By dint of its late entry into the fraternity of imperialist nations and quick exit from the same after the First World War, Germany bears a colonial history that is by and large a feature of the late nineteenth century. Yet it is German colonialism’s impact on the mid twentieth century that has perhaps excited the most scholarly interest. In this collection of essays edited by Volker Langbehn and Mohammad Salama, thirteen historians and literary scholars explore the echoes of Germany’s empire and find themselves at a critical point of intersection within German studies between the growing influence of global history on the one hand and the continuing allure of continuity theses on the other. While the former has breathed new life into studies of Germany’s encounters beyond Europe, the latter has tempted scholars once again to seek the origins of Nazi brutality in the nineteenth century.

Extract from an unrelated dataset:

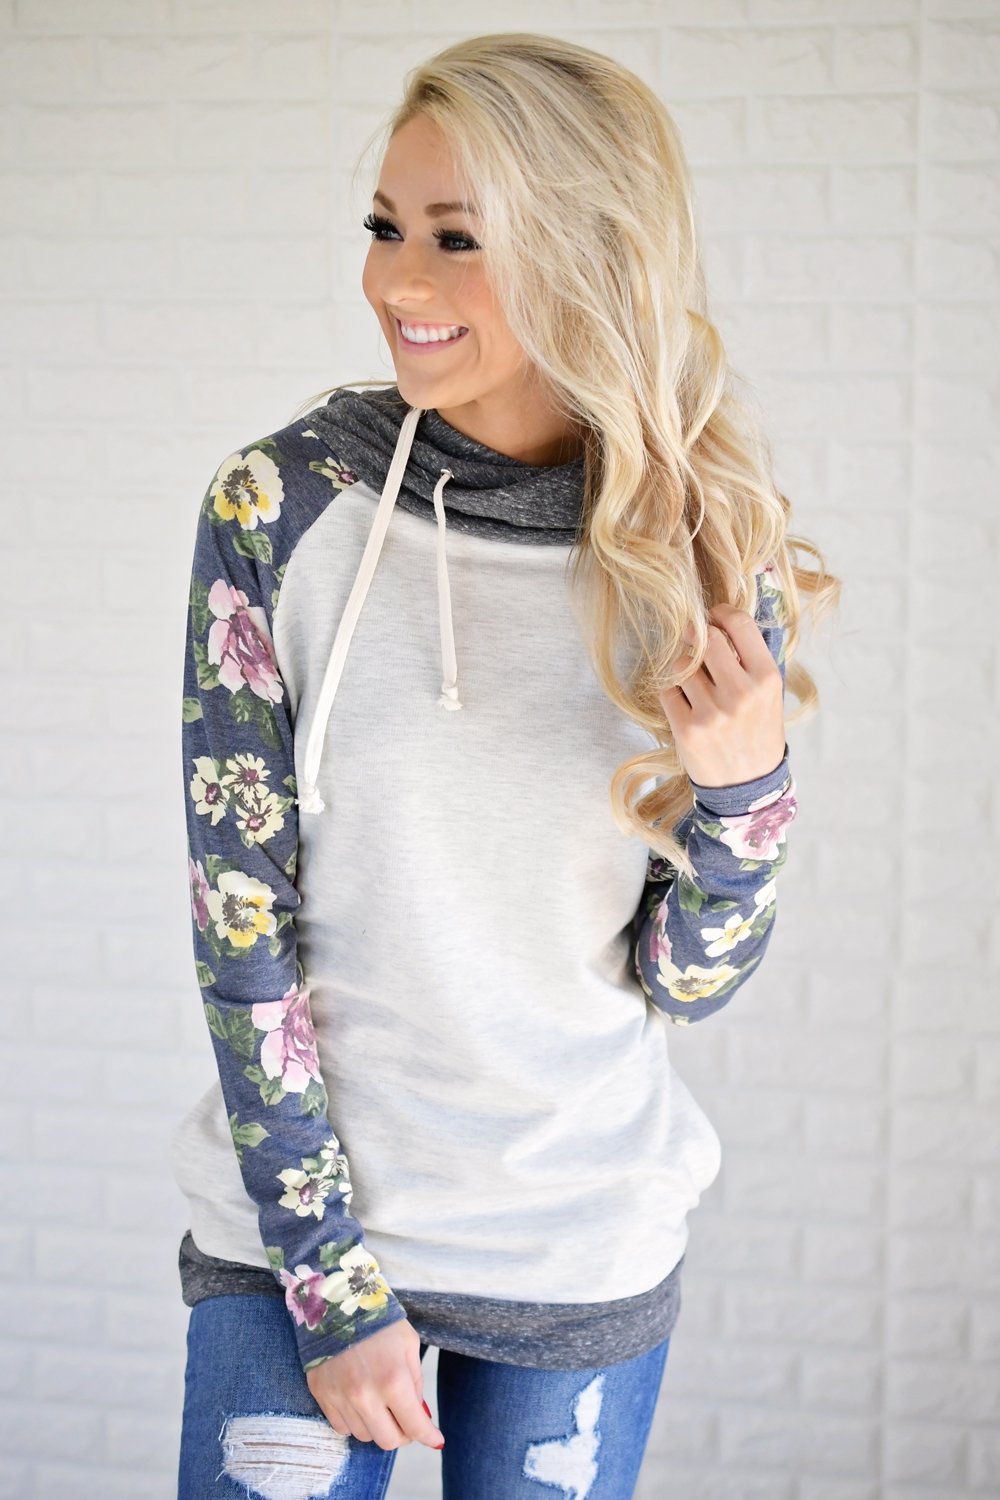 Little Patch of Heaven Hoodie – The Pulse Boutique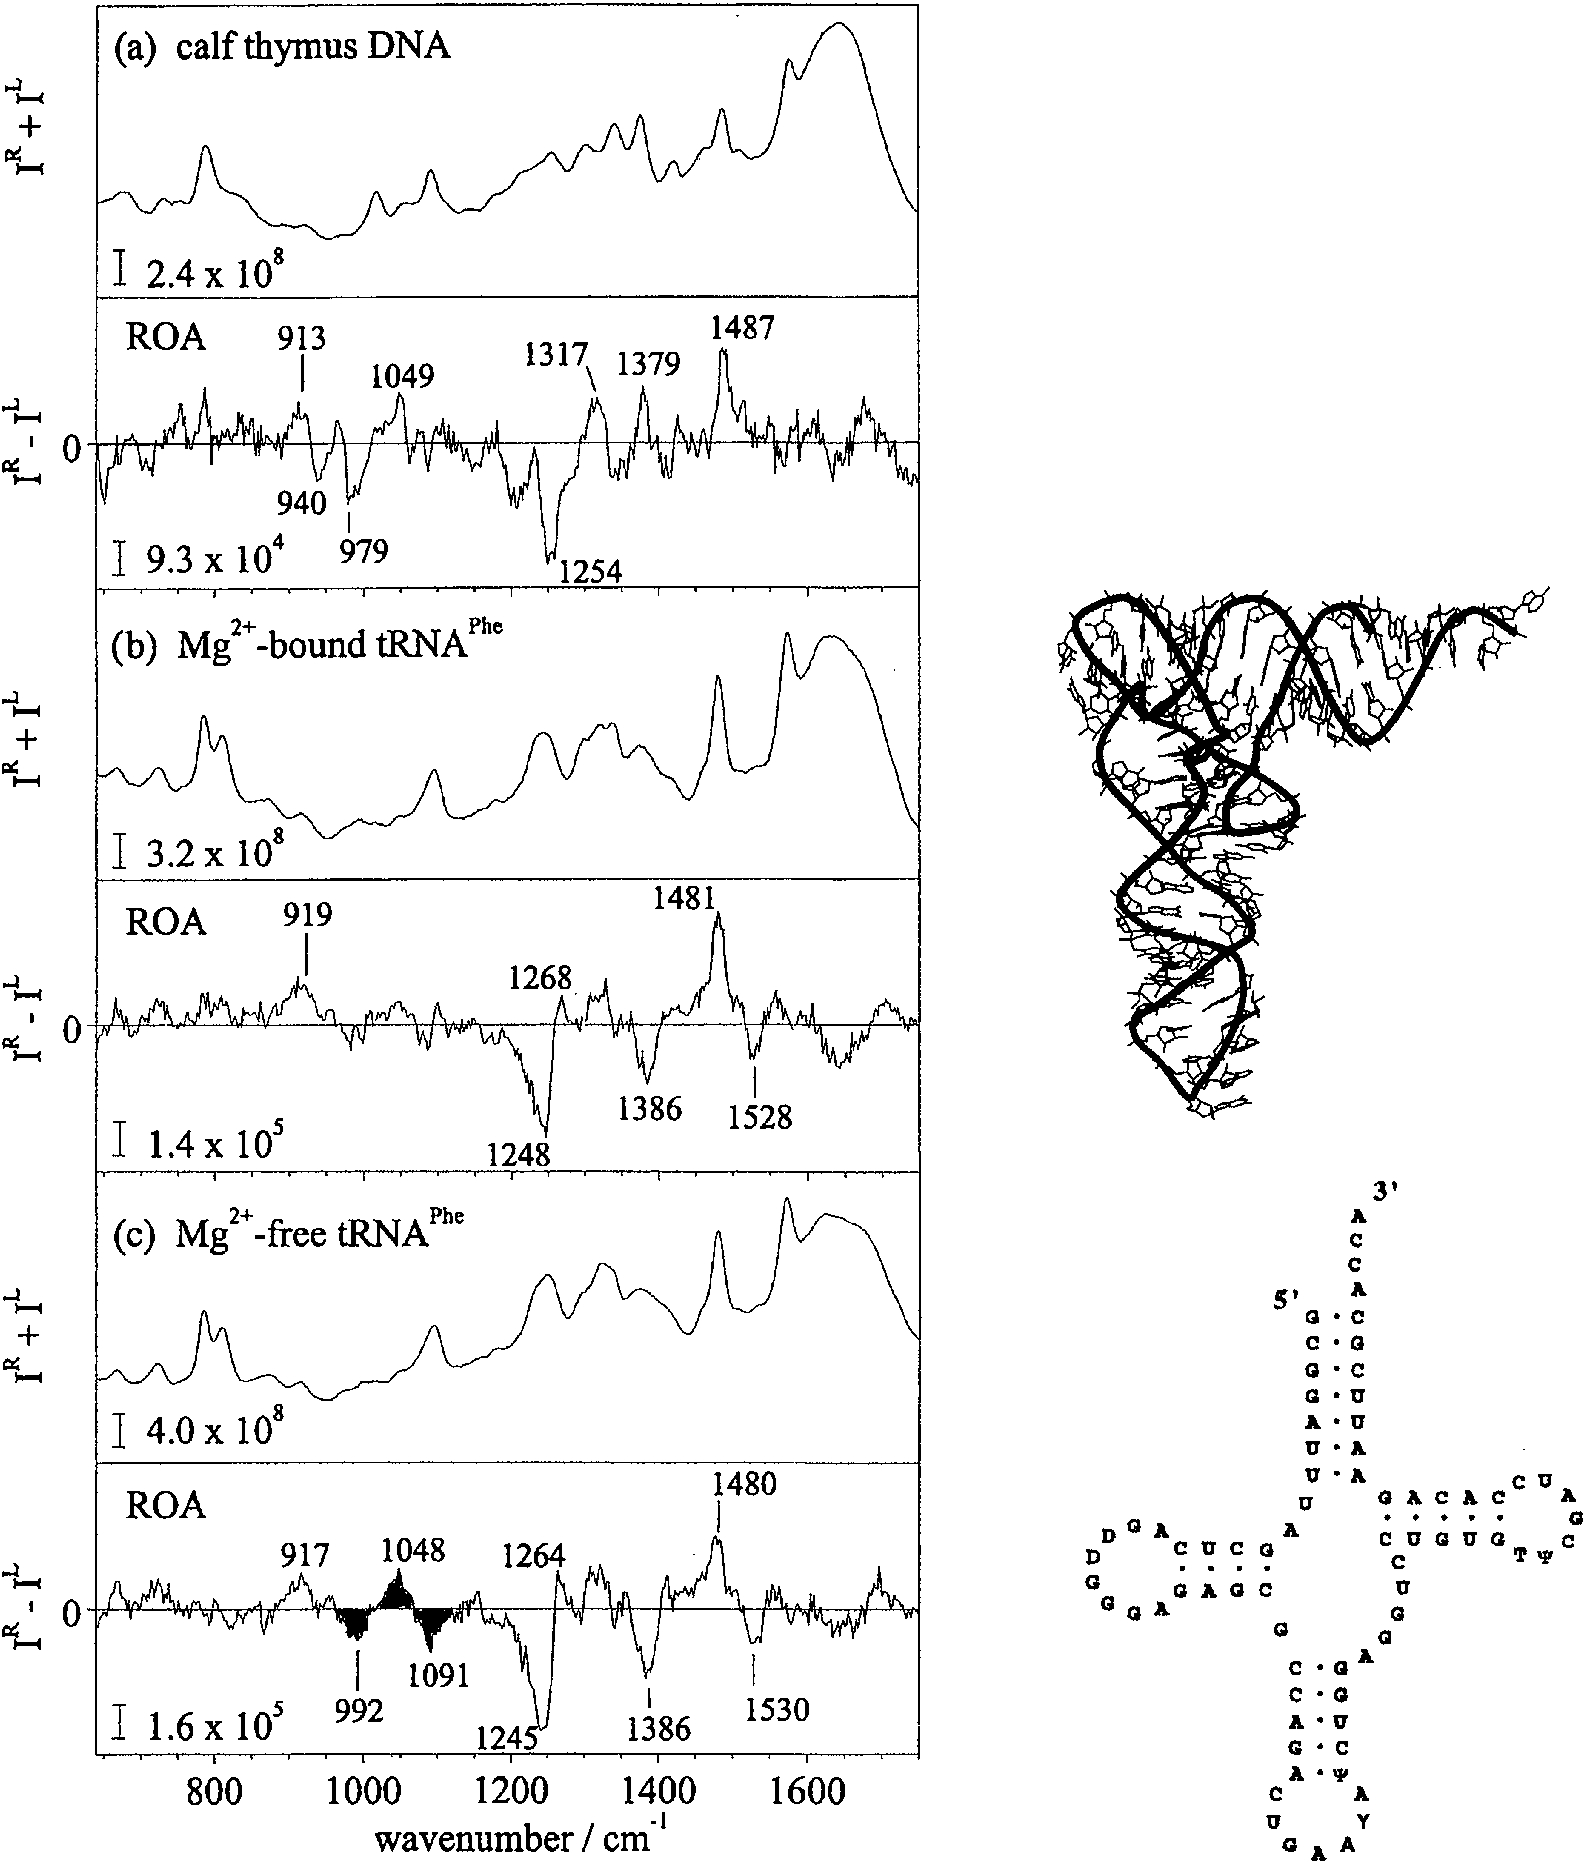 Backscattered ICP Raman and ROA spectra of (a) calf thymus DNA, (b) Mg2+-bound tRNAPhe and its associated L-shaped tertiary fold and (c) Mg2+-free tRNAPhe and its associated open cloverleaf secondary structure, in aqueous solution. Adapted from [28].

At issue in this book is what Michael Rothberg has called the “colonial turn” in Holocaust scholarship, which emphasizes the purported links between colonialism and European genocide and asks whether the one necessarily led to the other. This line of inquiry is by no means new, having been first explored by Hannah Arendt in 1951. Nor, as Arendt argued, is it limited to the German context. Nevertheless, the study of German colonialism, which until fairly recently was a neglected subject, has been invigorated largely through its application to this debate.

Now this volume argues that the time has come to take stock of the conversation and assess the future that both German colonial and Holocaust studies seem to share. What is immediately clear is that Langbehn and Salama wish to leap beyond a simple review of the debate itself. The chapters thus highlight the intriguing connections [End Page 1019] between colonial practice and Nazi ideology while resisting unqualified characterizations of the German colonies as proving grounds for twentieth-century mass murder. Instead, the contributors to this volume wish to complicate the conventional set of questions and cast a more global frame for the problem at hand. Thus, A. Dirk Moses and Timothy Brennan destabilize longstanding scholarly assumptions by rethinking not only Hannah Arendt’s notion of colonial continuities in the Holocaust but also Friedrich Nietzsche’s impact on postcolonial studies. Malte Fuhrmann and Kristen Kopp, meanwhile, distill the unique aspects of the German example from the larger discussion of European imperialism by considering “levels of coloniality” in the German-Ottoman relationship and the difficult connections between “outer” and “inner” colonialism in Germany’s ties to Poland. At the same time, Hartmut Pogge von Strandmann and Ulrike Lindner challenge this distinctiveness by highlighting the “intertwined” nature of the German, French, and British colonies.

Taken together, the authors succeed in injecting a healthy skepticism of simple linkages while still proving the point Russell Berman makes in his chapter that “colonial studies could grow into more than a minor supplement to Wilhelmine history” (p. 177). To achieve this balance, however, the editors must forego the chance to offer firm conclusions. Ultimately, their anthology is a nexus rather than a terminus, pulling together the various threads from the historiography without setting the path forward. Its one unmistakable claim is that research into the Holocaust and German colonialism should continue to inform one another. If this is indeed the case, then it raises an important question about the future of writing on German colonial history. To what degree will it become ensnared in the orbit of Holocaust historiography? We already see the implications of such a strong pull at two points in this volume. The first shows up in Ulrich van der Heyden’s chapter on Christian missionaries. Van der Heyden is certainly an expert on this topic, but since he stays within the boundaries of the colonial era, he struggles to address the overarching theme of the book. The second moment appears at the concluding...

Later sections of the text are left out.